NOTES TO FINANCIAL STATEMENTS
1. BASIS OF PRESENTATION
General - The financial statements of Eagle Bancorp, Inc. (the Company)
included herein are unaudited; however, they reflect all adjustments
consisting only of normal recurring accruals that, in the opinion of
Management, are necessary to present fairly the results for the periods
presented. Certain information and note disclosures normally included in
financial statements prepared in accordance with Generally Accepted
Accounting Principles have been condensed or omitted pursuant to the rules
and regulations of the Securities and Exchange Commission. The Company
believes that the disclosures are adequate to make the information
presented not misleading. The results of operation for the three months
ended March 31, 1999, are not necessarily indicative of the results of
operations to be expected for the remainder of the year.
2. NATURE OF BUSINESS
The Company, through its bank subsidiary, provides domestic financial
services primarily in Montgomery County, Maryland. The primary financial
services include real estate, commercial and consumer lending, as well as
traditional demand deposits and savings products. From October 28, 1997
until July 20, 1998, when the Bank received regulatory approval, the
Company was considered a development stage enterprise.
3. INCOME TAXES
The Company uses the liability method of accounting for income taxes as
required by SFAS No. 109, "Accounting for Income Taxes." Under the
liability method, deferred-tax assets and liabilities are determined based
on differences between the financial statement carrying amounts and the tax
basis of existing assets and liabilities (i.e., temporary differences) and
are measured at the enacted rates that will be in effect when these
differences reverse.
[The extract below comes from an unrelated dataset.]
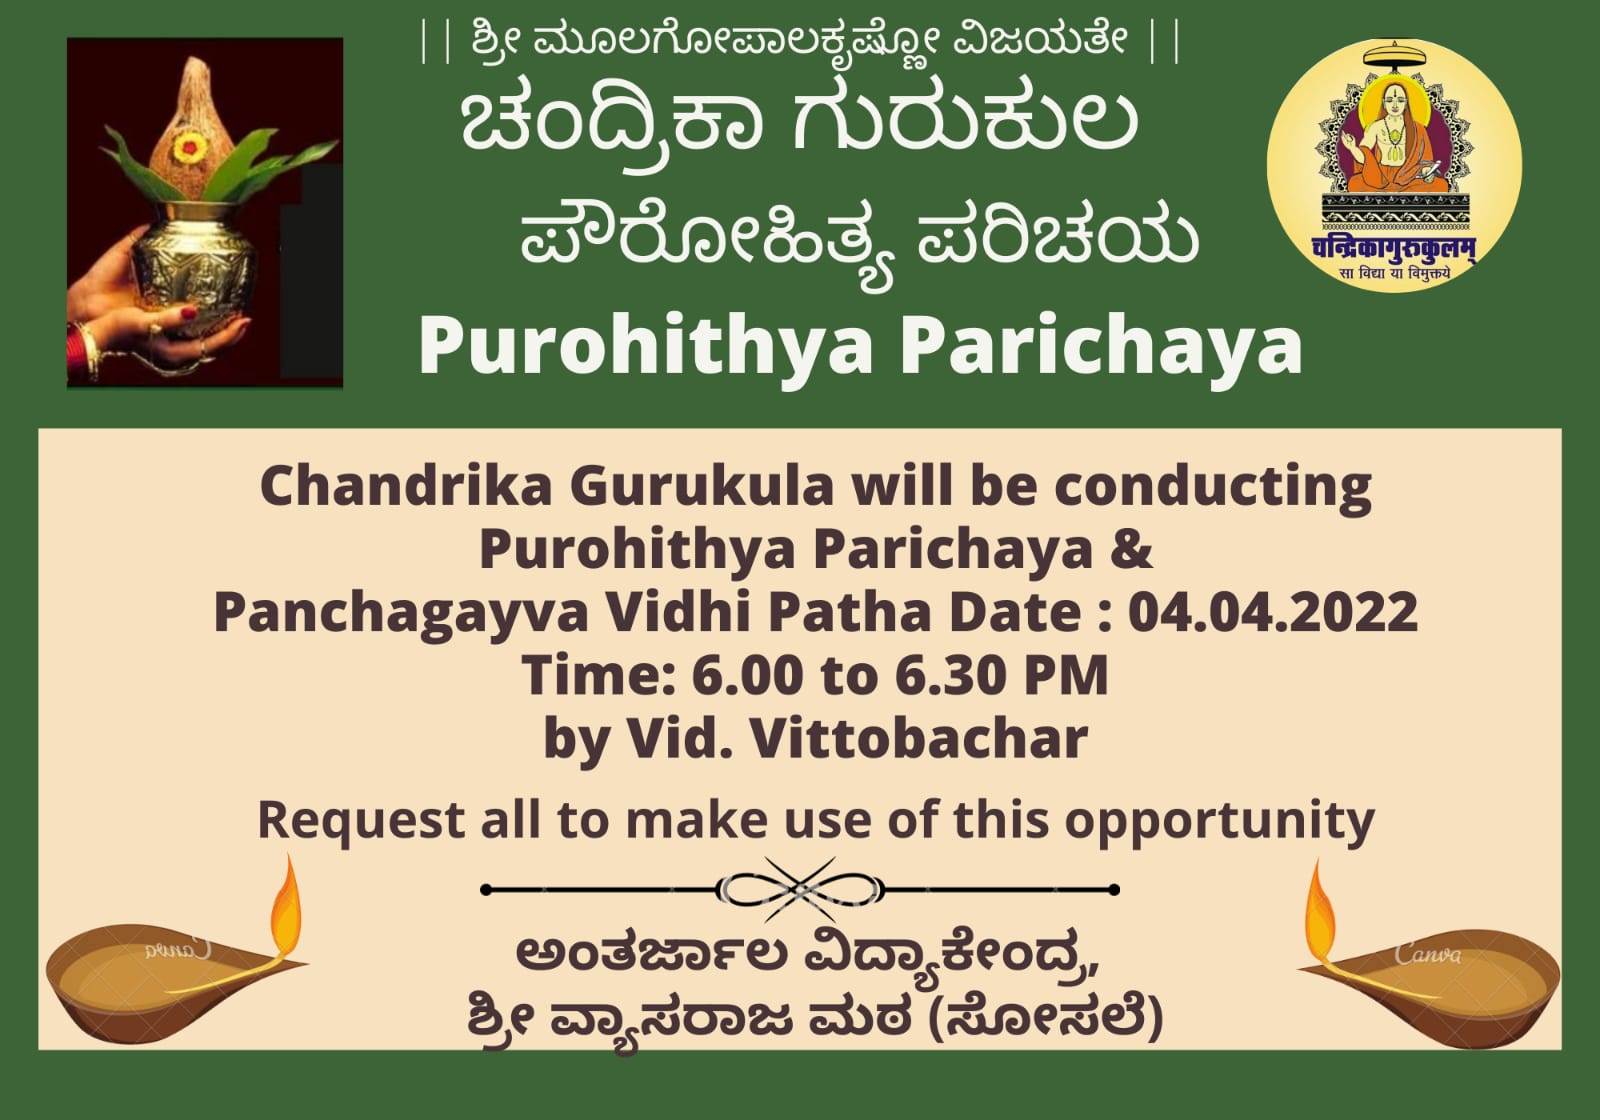 Purohithya parichaya and Panchagavya Vidhi patha

Deferred income taxes will be recognized when it is
deemed more likely than not that the benefits of such deferred income taxes
will be realized; accordingly, no deferred income taxes or income tax
benefits have been recorded by the Company.
6
<PAGE>
MANAGEMENT'S DISCUSSION AND ANALYSIS OF FINANCIAL CONDITION
AND RESULTS OF OPERATIONS
This discussion and analysis provides an overview of the financial
condition and results of operations of Eagle Bancorp, Inc. (Company) and
EagleBank (Bank) for the quarter ending March 31, 1999. In general,
comparative discussion of the results of operations for the quarter ended
March 31, 1998 and March 31, 1999 is not provided, as the Company had no
operations other than organizational activity in the first and second
quarters of 1998, and as such, comparisons do not provide accurate or
meaningful information regarding the Company's financial position or
results of operations.
This discussion contains forward looking statements within the meaning of
the Securities Exchange Act of 1934, as amended, including statements of
goals, intentions, and expectations as to future trends, plans, events or
results of Company operations and policies and regarding general economic
conditions. These statements are based upon current and anticipated
economic conditions, nationally and in the Company's market, interest rates
and interest rate policy, the year 2000 issue, competitive factors and
other conditions which, by their nature, are not susceptible to accurate
forecast, and are subject to significant uncertainty. Because of these
uncertainties and the assumptions on which this discussion and the forward
looking statements are based, actual future operations and results in the
future may differ materially from those indicated herein. Readers are
cautioned against placing undue reliance on any such forward looking
statement. The Company does not undertake to update any forward looking
statement to reflect occurrences or events which may not have been
anticipated as of the date of such statements.
GENERAL
Eagle Bancorp, Inc. was incorporated under the general corporation laws of
the State of Maryland, on October 28, 1997, and is headquartered in
Bethesda, Maryland. The Company was formed to be a bank holding company as
defined by the Federal Reserve System.
On July 20, 1998, having received the required approvals from the State of
Maryland and Federal Reserve System and been accepted for deposit insurance
by the FDIC, EagleBank opened its first office in Rockville, Maryland. On
that date the Company became a bank holding company by capitalizing the
Bank with $7.75 million. Since its opening the Bank has established a
branch in Silver Spring and its main office in Bethesda. The Company has
also increased its capital contributions to $9.25 million.
FINANCIAL CONDITION
As of March 31, 1999, assets were $65.9 million and deposits and customer
repurchase agreements were $51.2 million, an increase from year end 1998,
of 26.7% and 38.7% respectively. Management is pleased with the growth
experienced during the quarter as it represents a cross section of business
targeted by the Bank.
The growth in loans, while satisfactory at $7.1 million is behind
projections; however, based on recent activity, management believes, the
loan portfolio should continue to grow at an acceptable rate.
RESULTS OF OPERATIONS
On a consolidated basis the Company is reporting a net loss of $361,619 for
the quarter ended March 31, 1999. This loss was expected and is consistent
with anticipated results. The Bank reported a loss of $451,021 while the
Company realized net earnings on capital not invested in the Bank of
$89,402. These losses are expected to be reduced in the future as the Bank
increases its deposit base and generates additional loan volume.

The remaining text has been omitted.